Int this section, we download annual data on the observed number of deaths, $d_{x,t}$, and the corresponding exposures to risk, $E_{x,t}$, for a set of countries over a specified calibration period and over a specified age range. We collect this data from two data sources: the Human Mortality Database (HMD) and Eurostat. Further we use a collection of 14 European countries.
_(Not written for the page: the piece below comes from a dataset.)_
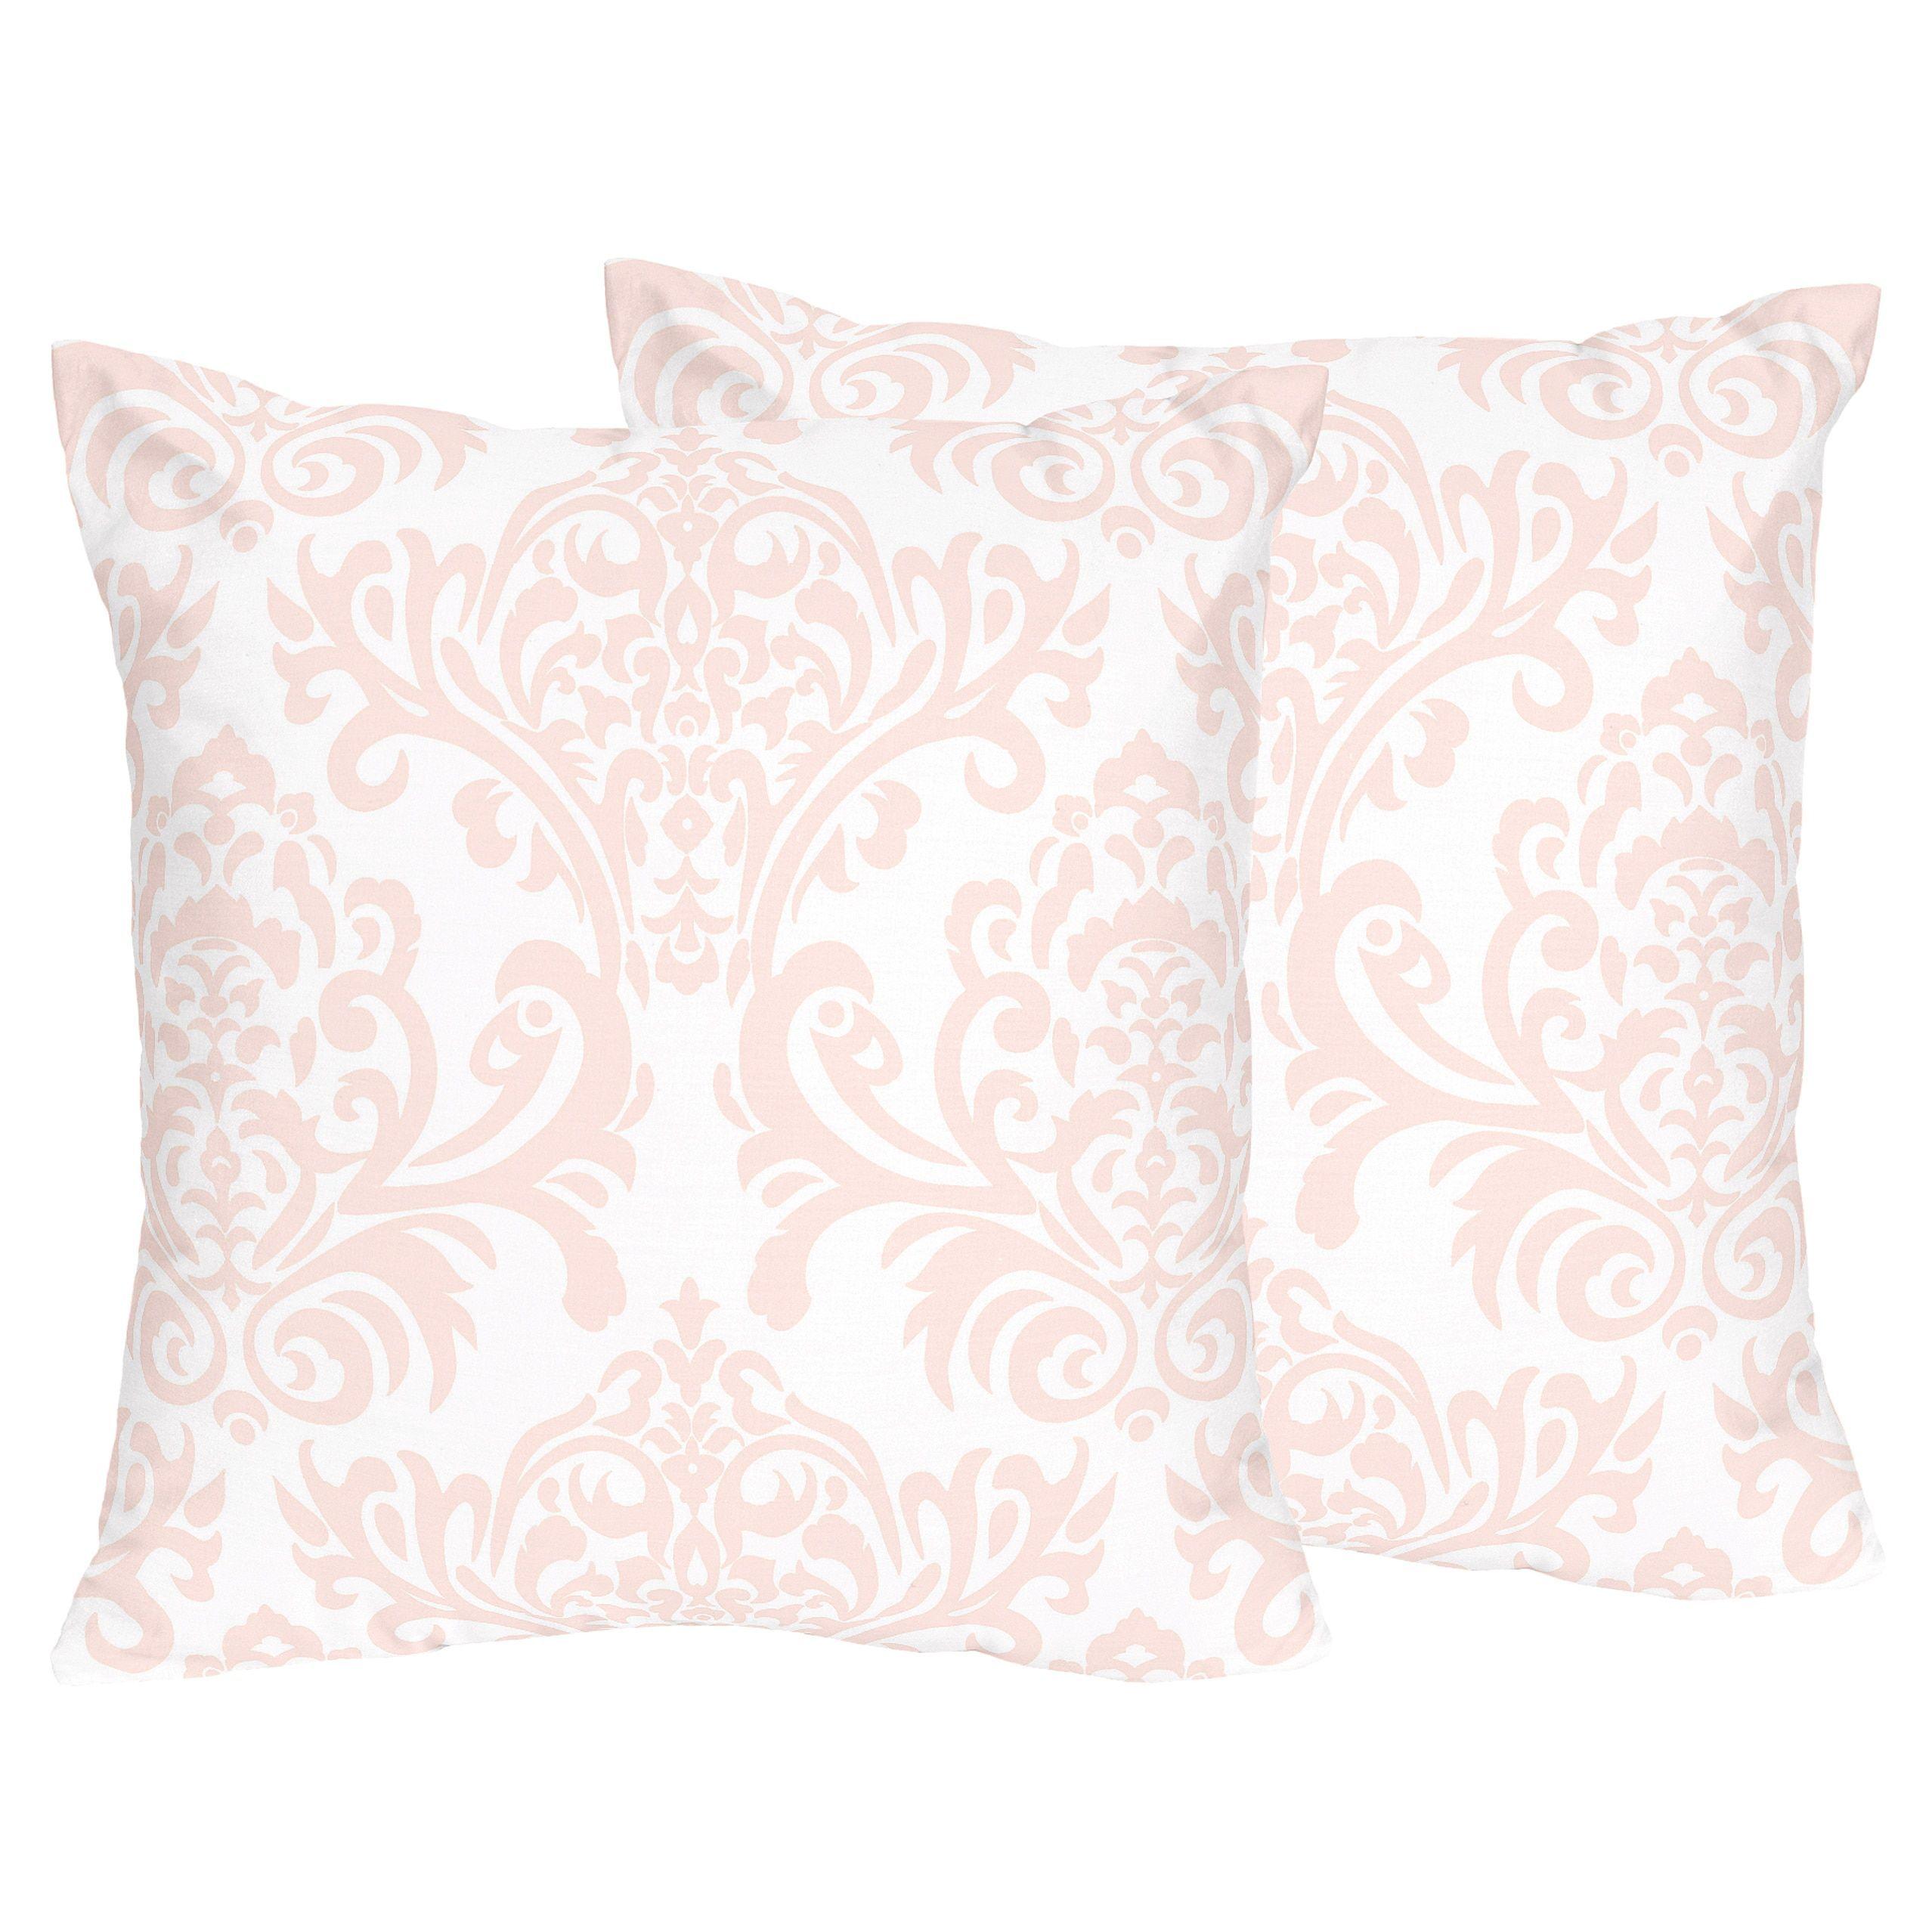 Sweet Jojo Designs Amelia Collection Pinkwhite Damask Print 18 Inch Accent

First, the available countries, their country labels and the available years can be retrieved as follows:

df <- get_country_codes()
head(df[,c(1,8,6,7,2,3)])

Make sure that your selected calibration period falls within the available year range $[FY,EY]$ for each country in your multi-population model. The column User_code in this data frame refers to the user codes of the different countries. Those user codes are used to refer to the countries of interest.
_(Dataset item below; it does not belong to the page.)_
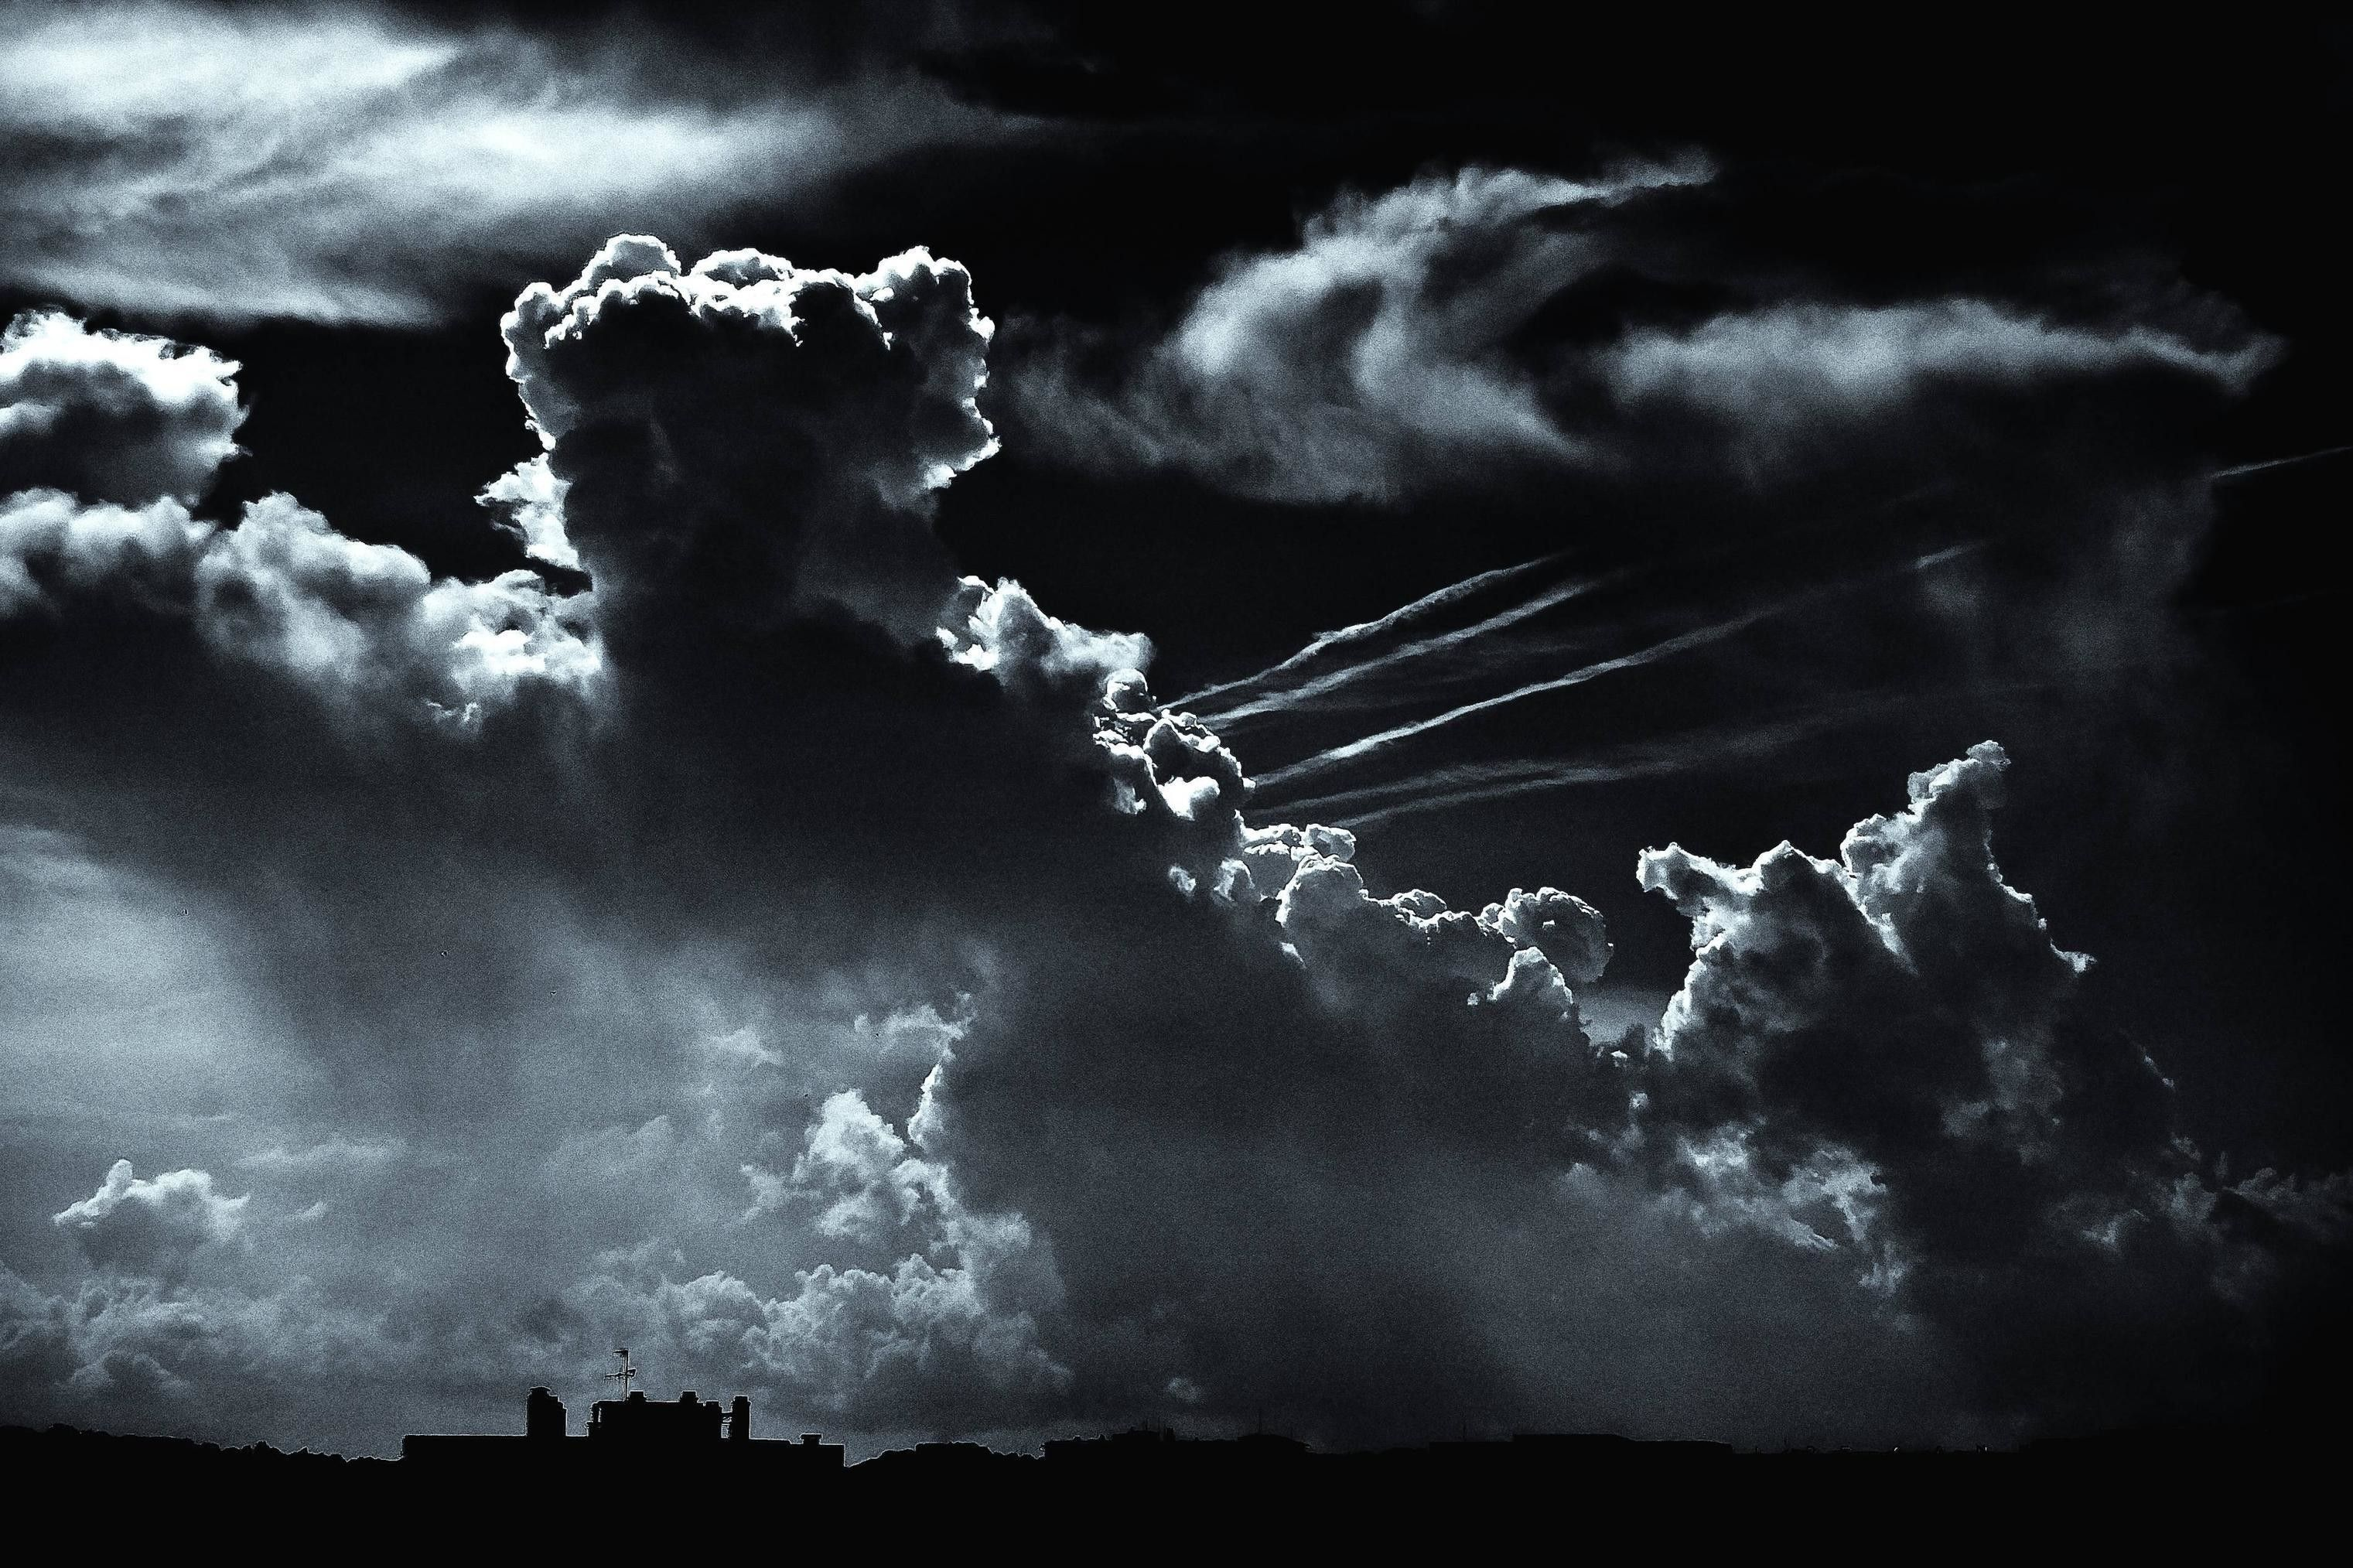 Dark Clouds Wallpapers Top Free Dark Clouds Backgrounds

Next, we download the mortality data from the Human Mortality Database (HMD) and Eurostat. We collect the data for age range ${0,1,2,...,90}$ and calibration period ${1988, 1989, ..., 2018}$. We are interested in retrieving mortality statistics from Belgium (country of interest). From the HMD database we use the tables Deaths and Exposure to risk in $1\times1$ format. These files contain the number of deaths and exposures for the selected country per year, per sex and per age in period format. Eurostat only lists the period number of deaths. However, we obtain the exposures in period format using databases on the population size at $1$ January of each year $t$, say $P_{x,t}$, and the cohort number of deaths, say $C_{x,t}$, as defined according to the protocol of HMD. The cohort number of deaths $C_{x,t}$ refers to the number of people who were born in year $t-x-1$ and died in year $t$. Adjusting to the HMD protocol requires the following transformations: $$\begin{eqnarray} E_{x,t} &=& \frac{1}{2} \left( P_{x,t} + P_{x,t+1} \right) + \frac{1}{6} \left(\frac{1}{2}C_{x,t} - \frac{1}{2}C_{x+1,t} \right) \ \ \text{if}\ x>0 \ E_{0,t} &=& \frac{1}{2} \left( P_{0,t} + P_{0,t+1} \right) + \frac{1}{6} \left(C_{0,t} - \frac12 C_{1,t}\right).\ \end{eqnarray}$$ We perform this automatic downloading and adjusting process using the following code chunk:

xv <- 0:90
yv <- 1988:2018
yv_spec <- 1988:2018
countries <- c("AT", "BE", "DK", "FI", "FR", "DE", "IS", "IE", "LU", "NL", "NO", "SE", "CH", "UK")
country_spec <- "BE"
username <- ""
password <- ""
data <- get_mortality_data(xv, yv, yv_spec, countries, country_spec, username, password)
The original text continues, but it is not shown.